BOI raises USD1billion from the international loan market: Amid concerns over USD sourcing, the Bank of Industry (BOI) announced that it had raised USD1billion in a syndicated guaranteed loan on Christmas eve. This the third syndicated loan transaction in three years by the B2-rated subsidiary of the CBN who provided a currency swap to guarantee the loan. The issue was strongly subscribed that the BOI had to upsize the transaction to USD1billion from an initial plan of USD750million. Alongside the recent rebound in oil prices, the spate of borrowings (the World Bank Loan + the BOI raise) suggests growing ammunition for the CBN to better manage the FX market over Q1 2021.  

FX reserves up, Naira gains across: Activity at the IE window slowed over the week with daily turnover of USD134million (down from prior week of USD158million). Over December, the CBN has worked to improve liquidity with sales of USD770m over the month (November: USD450million) which accounted for 67% of activity vs 39% in the prior month. Over 2020, the decision to pause activities in the FX market and re-impose a hard peg has weighed on FPI flows (down 76% y/y to USD3.8billion) leading to a drop in IE flows (-48% to USD17.8billion). In 2021, the CBN will need to re-engage with portfolio investors as a means of improving supply to the IE window with a credible interest rate policy offering.  

Figure 4: FX market turnover

Source: FMDQ

Nigeria’s FX reserves bucked the declining trend with a 0.2% rise w/w to USD34.9billion. Across the windows, the naira remained flat the official window (NGN379/$), gained at the IE window (+0.5% to NGN392/$, YTD: -7%) and parallel market (+2.6% w/w to NGN465/$, YTD: -22.2%).

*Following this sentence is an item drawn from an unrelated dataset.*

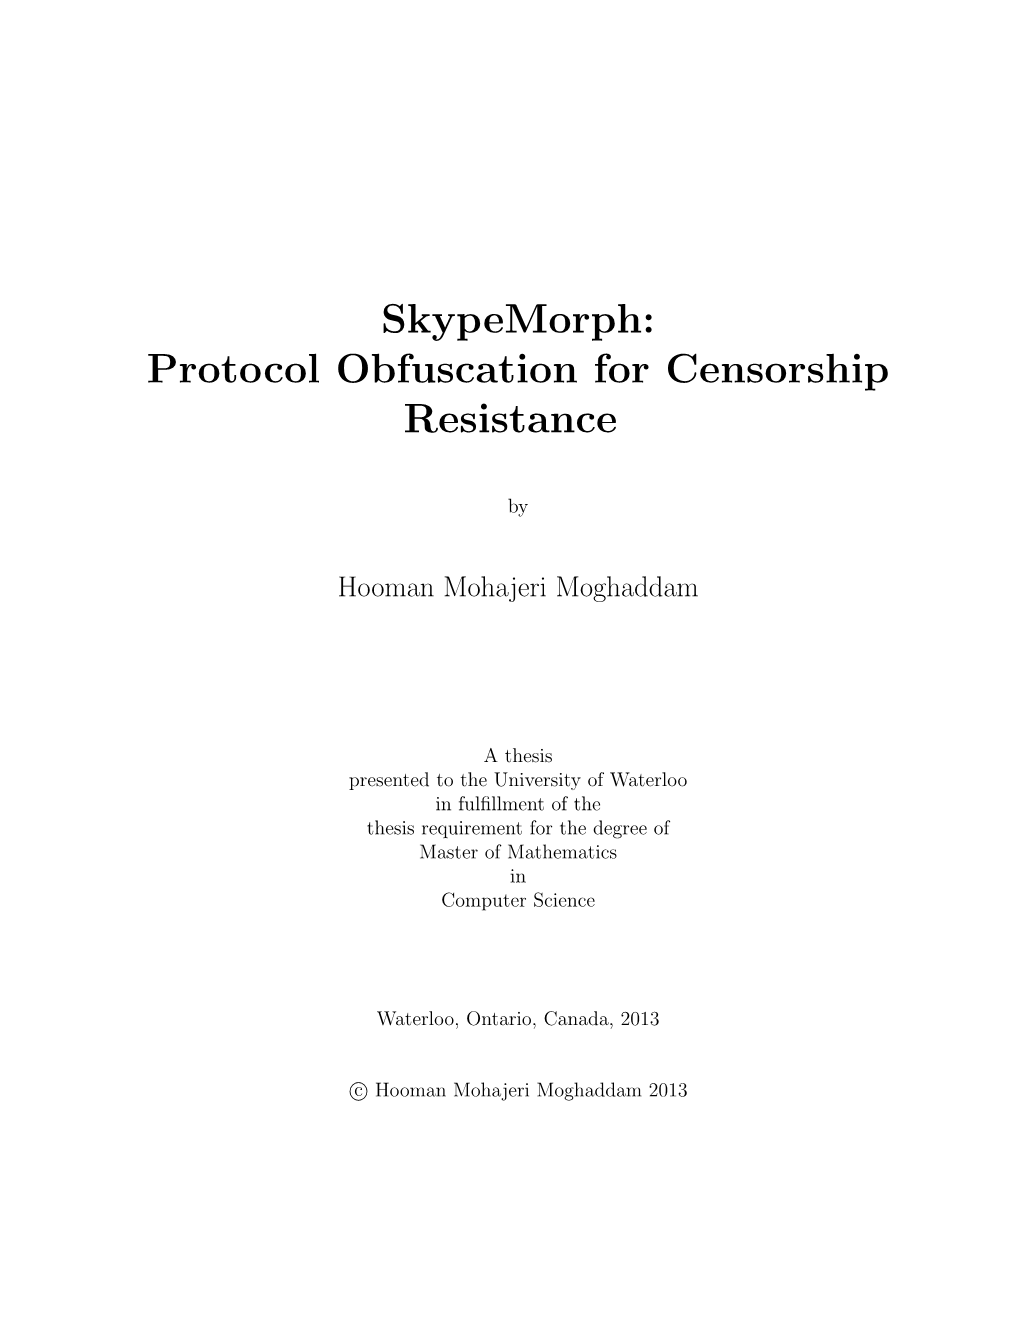 Skypemorph: Protocol Obfuscation for Censorship Resistance

Week ahead (December 29-31, 2020)

In the short week ahead, market focus is on the last NTB sale for 2020. In terms of liquidity, maturities are around NGN556billion dominated by OMO bills as there are only NGN75billion worth of NTB maturities. Largely uneventful week, but the NTB sale will likely be well bid given the maturities over the last few weeks and market appetite for short duration given the uncertain rate outlook. Bonds likely to remain bearish as traders close out their positions for year end.